Isn't Levin a big uber Zionist? I remember him calling Ron an anti-semite and anti-American...and his followers kooks. But I'm sure he's a nice fellow.

----------


## CaptLouAlbano

> Isn't Levin a big uber Zionist? I remember him calling Ron an anti-semite and anti-American...and his followers kooks. But I'm sure he's a nice fellow.


Really doesn't concern me regarding his new book. I don't listen to Levin, but from what I gather, his FP differ from mine in many areas. But since this book doesn't have anything to do with FP, I don't think there will be any areas of major disagreement.

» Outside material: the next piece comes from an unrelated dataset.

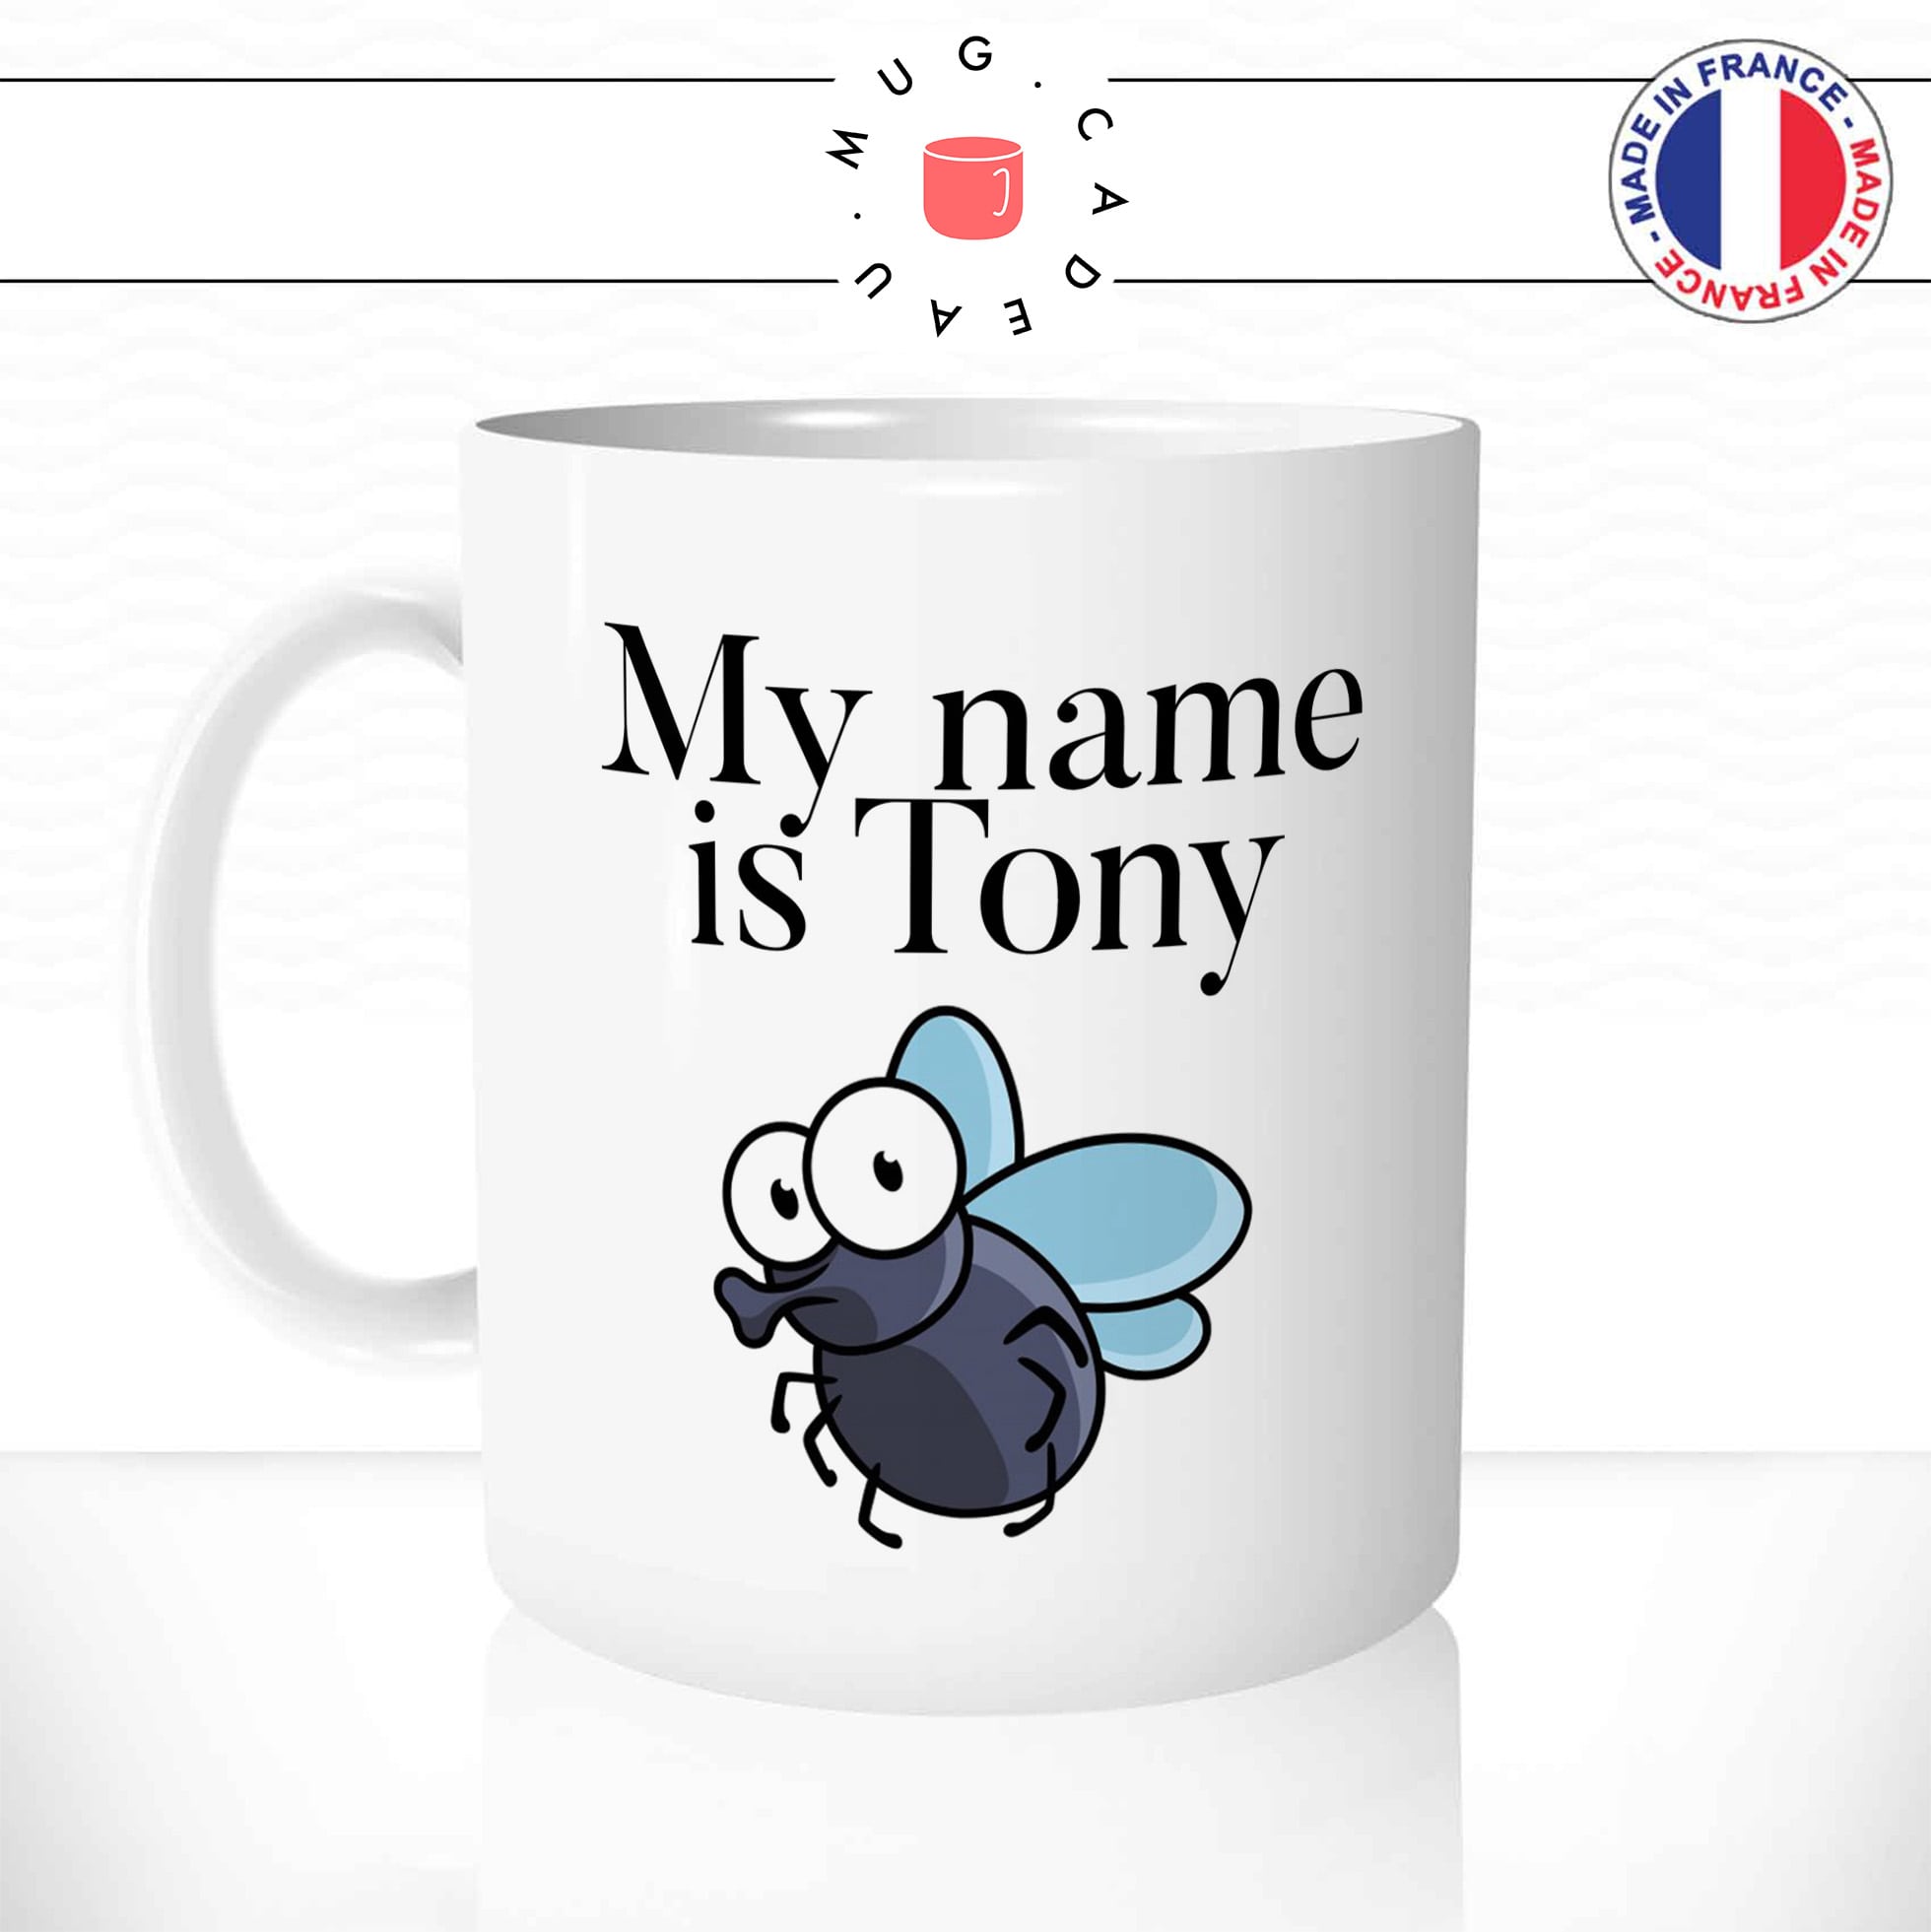 mug-tasse-my-name-is-tony-malcolm-dewey-mouche-offrir-fun-humour-idée-cadeau-original-personnalisée-min

From what I have seen in the interview, along with an article or two about the book, it looks like a really good read.

----------


## AuH20

> Really doesn't concern me regarding his new book. I don't listen to Levin, but from what I gather, his FP differ from mine in many areas. But since this book doesn't have anything to do with FP, I don't think there will be any areas of major disagreement. From what I have seen in the interview, along with an article or two about the book, it looks like a really good read.

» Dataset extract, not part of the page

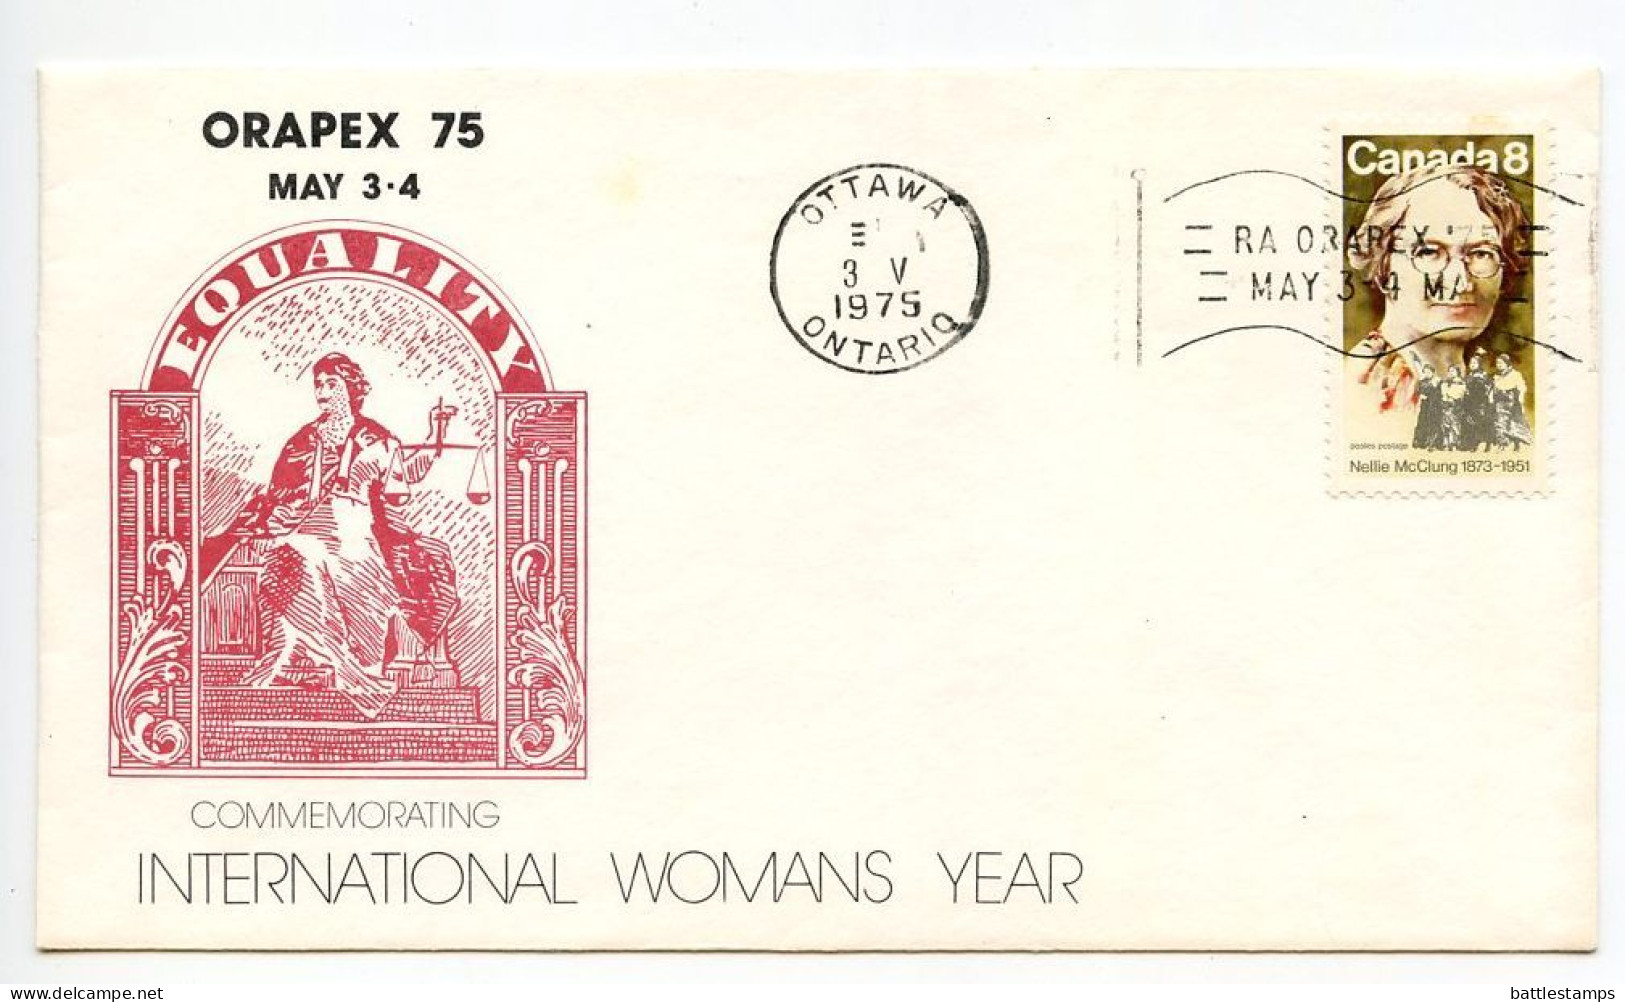 Canada 1975 Commemorative Cover - ORAPEC 75 Philatelic Exhibition - International Womans Year, Scott 622 - HerdenkingsOmslagen

Agreed. Just because someone supports the state of Israel doesn't necessarily degrade their ideas. I'm not a fan of either Israel or Palestine and will still read works from their proponents (Ron Paul who is a Palestine supporter).

----------


## Carlybee

> Really doesn't concern me regarding his new book. I don't listen to Levin, but from what I gather, his FP differ from mine in many areas. But since this book doesn't have anything to do with FP, I don't think there will be any areas of major disagreement. From what I have seen in the interview, along with an article or two about the book, it looks like a really good read.


I wouldn't send a red cent to someone who spoke about Ron the way he did but maybe that's just me.

----------


## Brian4Liberty

> Isn't Levin a big uber Zionist? I remember him calling Ron an anti-semite and anti-American...and his followers kooks. But I'm sure he's a nice fellow.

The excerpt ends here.